Topcoder Challenge | Topcoder Community

Challenge Overview

Topcoder has been working with a client in the oil and gas exploration industry to develop a tool to assign a particular name (and some other data elements) to a log file. In previous challenges, Quartz Energy - LNAM Prediction Data Science Challenge and LNAM Prediction by Curve Attribute and Vendor Name, our community has developed an application which parses and analyzes the log files which are in LAS text format.

As you can see from the challenge names, we have made some previous attempts to set up a working classification engine. The current implemented random forest model works correctly about 70% of the time with unseen data by looking across all the data elements in the files more broadly. Unfortunately, this doesn’t quite meet the threshold for deployment/usability. This classification problem is trickier than it first appears.
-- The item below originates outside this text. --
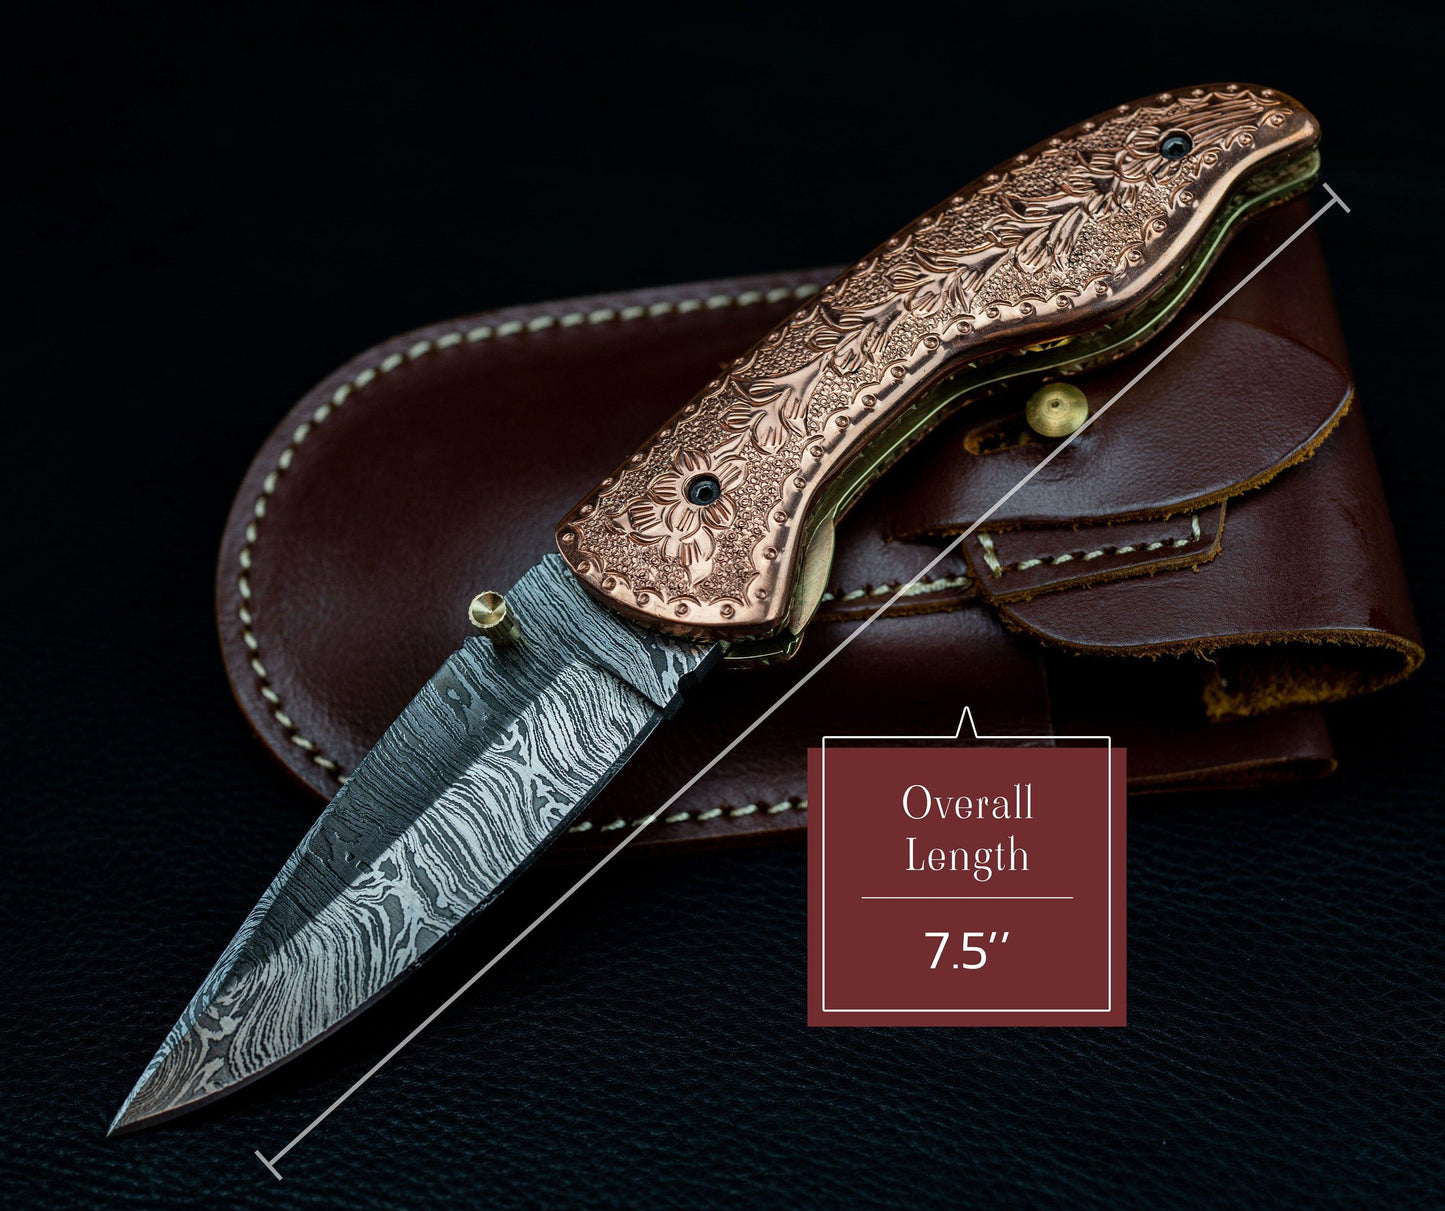 7.5" Hand Forged Engraved Copper Handle Damascus Fold Knife,Hand Made Damascus Pocket Knife, Damascus Steel Hunting knife, Folding Knife 
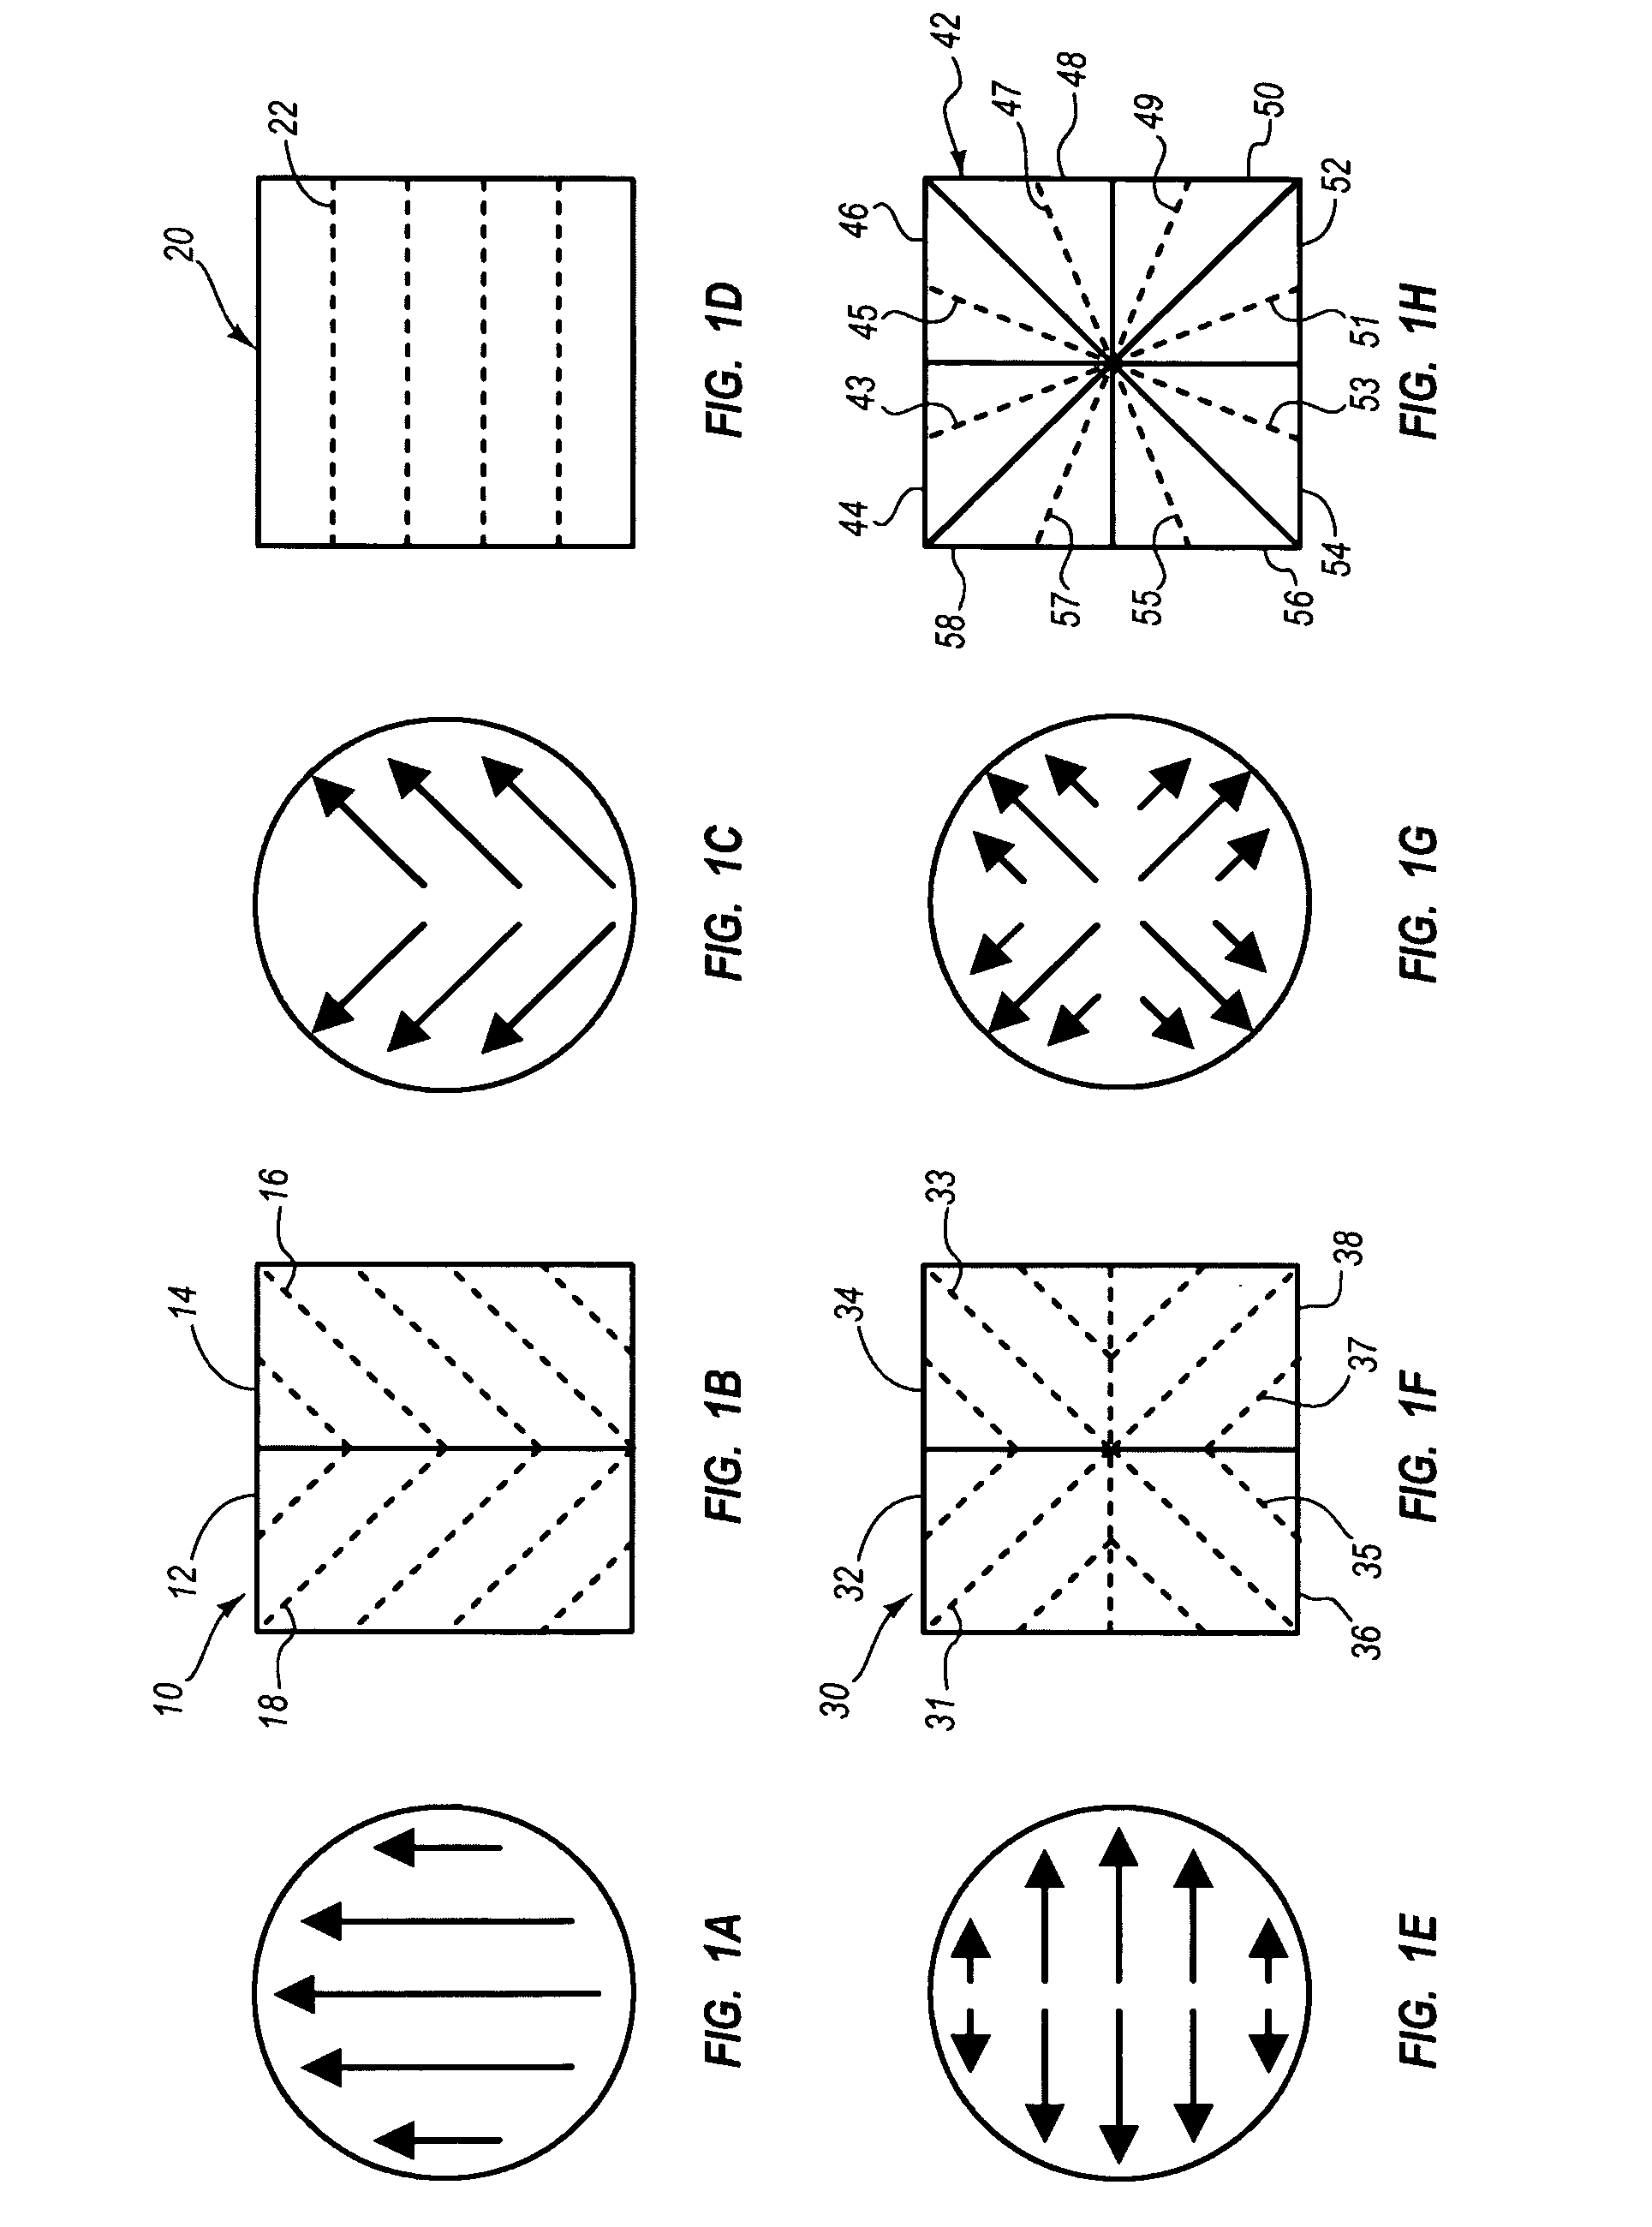 Light polarization converter for converting linearly polarized light into radially polarized light and related methods

The LAS files contain many attributes but human experts only refer to the curve information attributes and the SRVC element of the log files to make their LNAM assignments. The curve information attributes each refer to a specific instrument that collects data as its travels into a wellbore. The actual data for each tool is recorded in the bottom section of each LAS file but this numeric data doesn’t concern us for classification purposes -- only the presence (or absence) of certain tools.
There’s not a definitive list of tools which are associated to each LNAM. This list needs to be derived from the training data.
The tool mnemonics (the curve information attributes) are (in most cases) not exclusive to a particular LNAM.
There are thousands of unique tools and/or tools names with small variations. This leads to a classic curse of dimensionality problem -- as the number of log files increase the number of potential features expands as well.

For this challenge, we’re going to take a slightly different approach:

We’re going to provide a set of LAS files with only the curve attributes and SRVC element in place.
Our app has the capability of generating reports which display the probability of each of the potential tools associated with each LNAM in a training data set. You can also see the breakdown of LNAM’s themselves across a data set.
We’re going to use a larger data set which is more representative of the general population of LAS files to be processed.

Here are the requirements for the current challenge:

Improve the current classification engine for LNAM prediction based on curve information attributes and the SRVC element . The current application has a “curve-predict” command which makes a prediction based on those elements but it can be improved. For this challenge, we’re only providing those elements in the provided data in any case. More information about the curve analysis functionality currently provided in the app is provided in the Background section below. Usage of the provided curve analysis to improve the classification functionality is optional.
Update the output of the curve-predict command to the following format File Name, UWI, LNAM, Service Company, Log Type, Cased Holed Flag, Generic Toolstring. The logic for cleaning Service Company (SRVC) name, and generating Log Type, Cased Hole Flags and Generic Toolstring is already available elsewhere in the application. We just need to incorporate this functionality into the curve-predict output. This will allow users of the app to run the prediction-analysis tasks on the final output.
Update the process-curve command so that it only includes information about curve information attributes. Right now the reports it produces include ALL the data elements in a LAS file.
Update the prediction-accuracy command to produce precision, recall, and F1 scores as well as accuracy estimates for a given data set.
Update the prediction-analysis command to generate precision, recall, and F1 scores by class (LNAM).
Please document the updates you’ve made to improve #1 and provide a detailed description of your implemented algorithm.

Scoring

75% of the scoring will be based on the rank of your submission based of F1 score. Your primary goal in this challenge is to maximize your F1 score on our testing data.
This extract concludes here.